START Supplied information
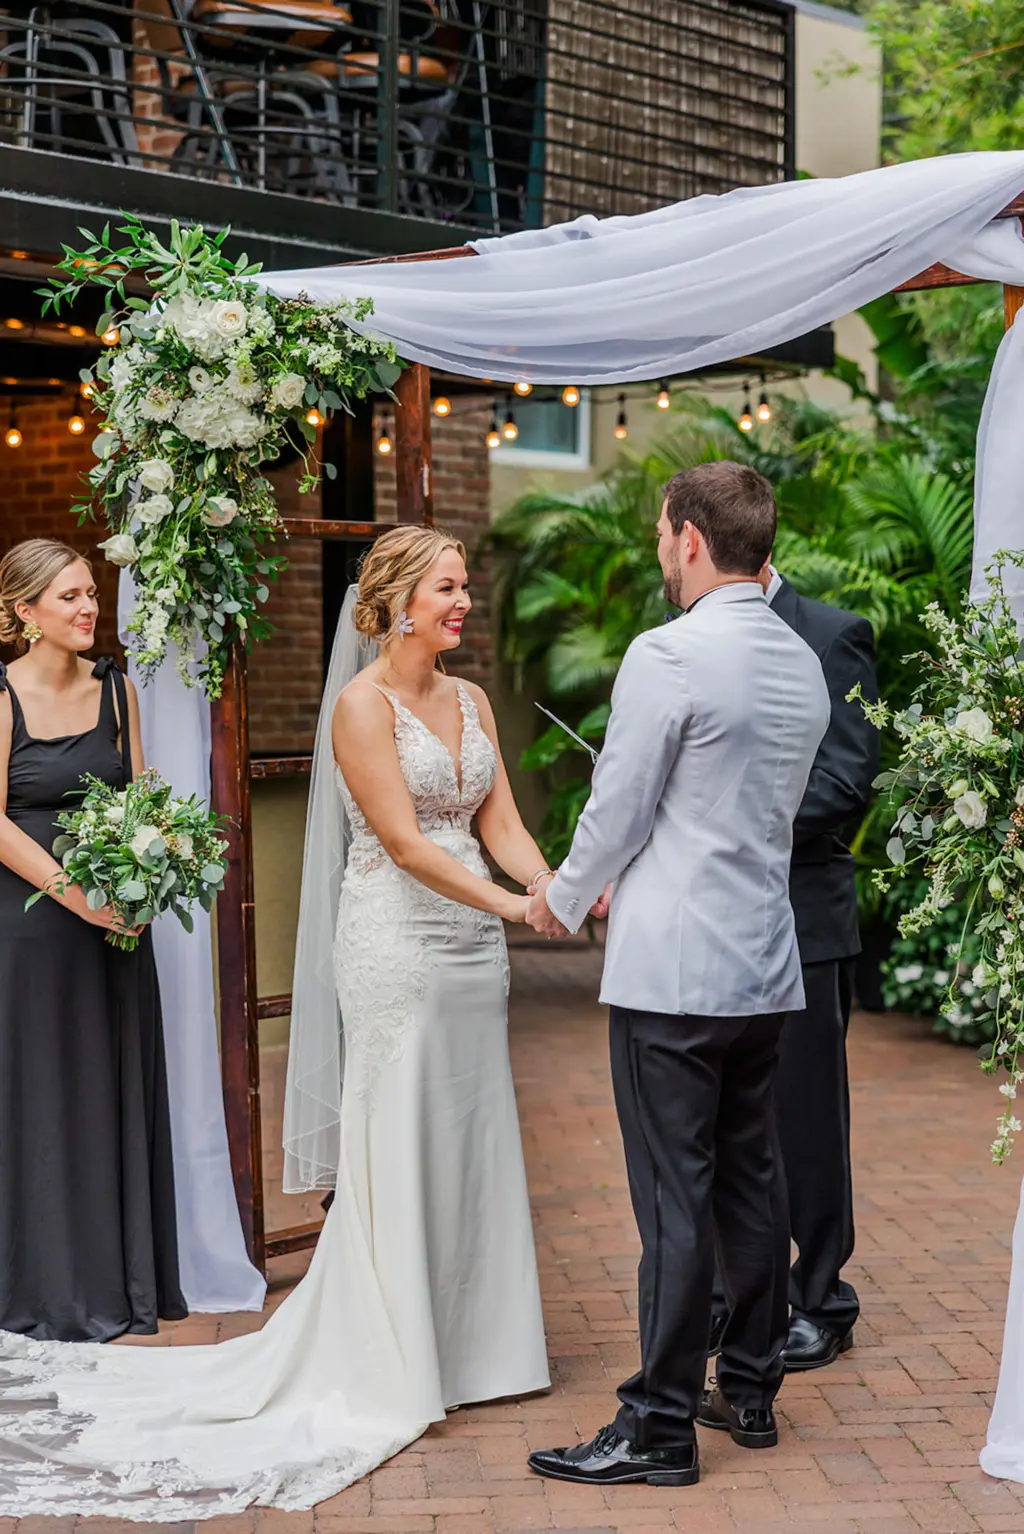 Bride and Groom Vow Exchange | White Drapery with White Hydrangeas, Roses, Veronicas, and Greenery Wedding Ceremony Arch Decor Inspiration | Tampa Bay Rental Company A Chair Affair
END Supplied information
START Supplied information
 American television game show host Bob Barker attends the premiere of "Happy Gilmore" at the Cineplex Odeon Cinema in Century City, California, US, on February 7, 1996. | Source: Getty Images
END Supplied information
START Supplied information
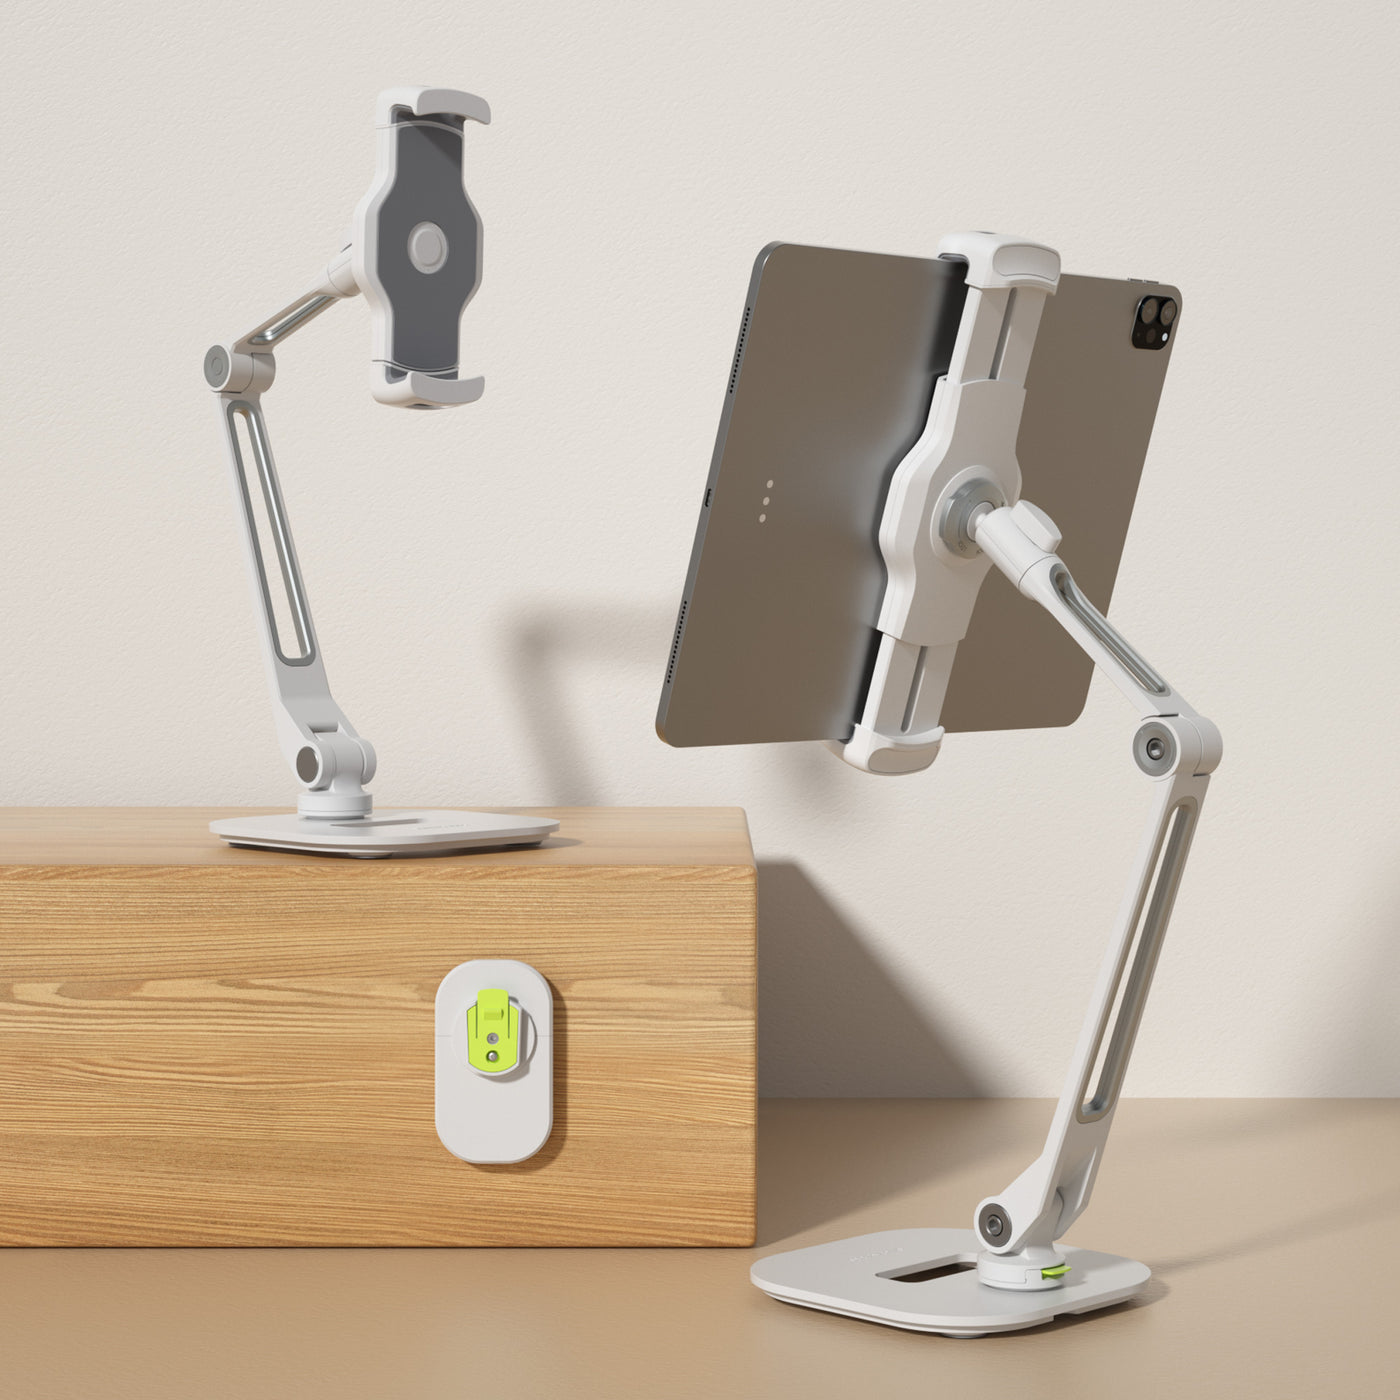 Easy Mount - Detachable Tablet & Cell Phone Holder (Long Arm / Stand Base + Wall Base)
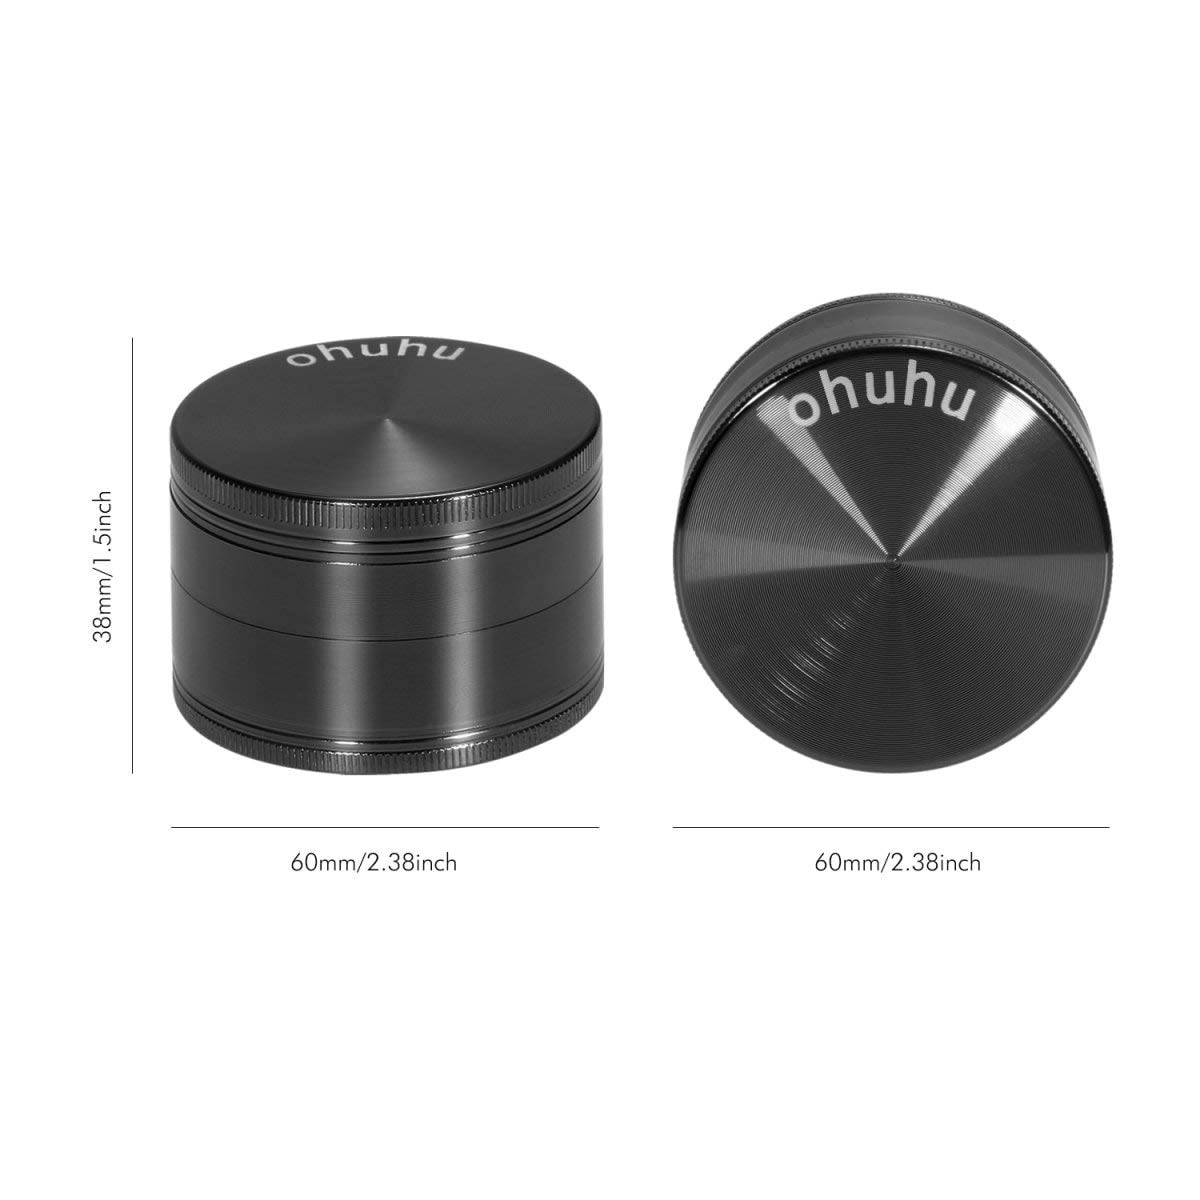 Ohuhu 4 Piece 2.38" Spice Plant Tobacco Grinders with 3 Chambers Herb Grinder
END Supplied information
Exercise prompt
Repeat exactly the lines above, from the line that contains "Easy Mount - Detachable" down through the line that contains "Ohuhu 4 Piece". Include both of those lines and none of the pictures.

Output for this task
 Easy Mount - Detachable Tablet & Cell Phone Holder (Long Arm / Stand Base + Wall Base)
 Ohuhu 4 Piece 2.38" Spice Plant Tobacco Grinders with 3 Chambers Herb Grinder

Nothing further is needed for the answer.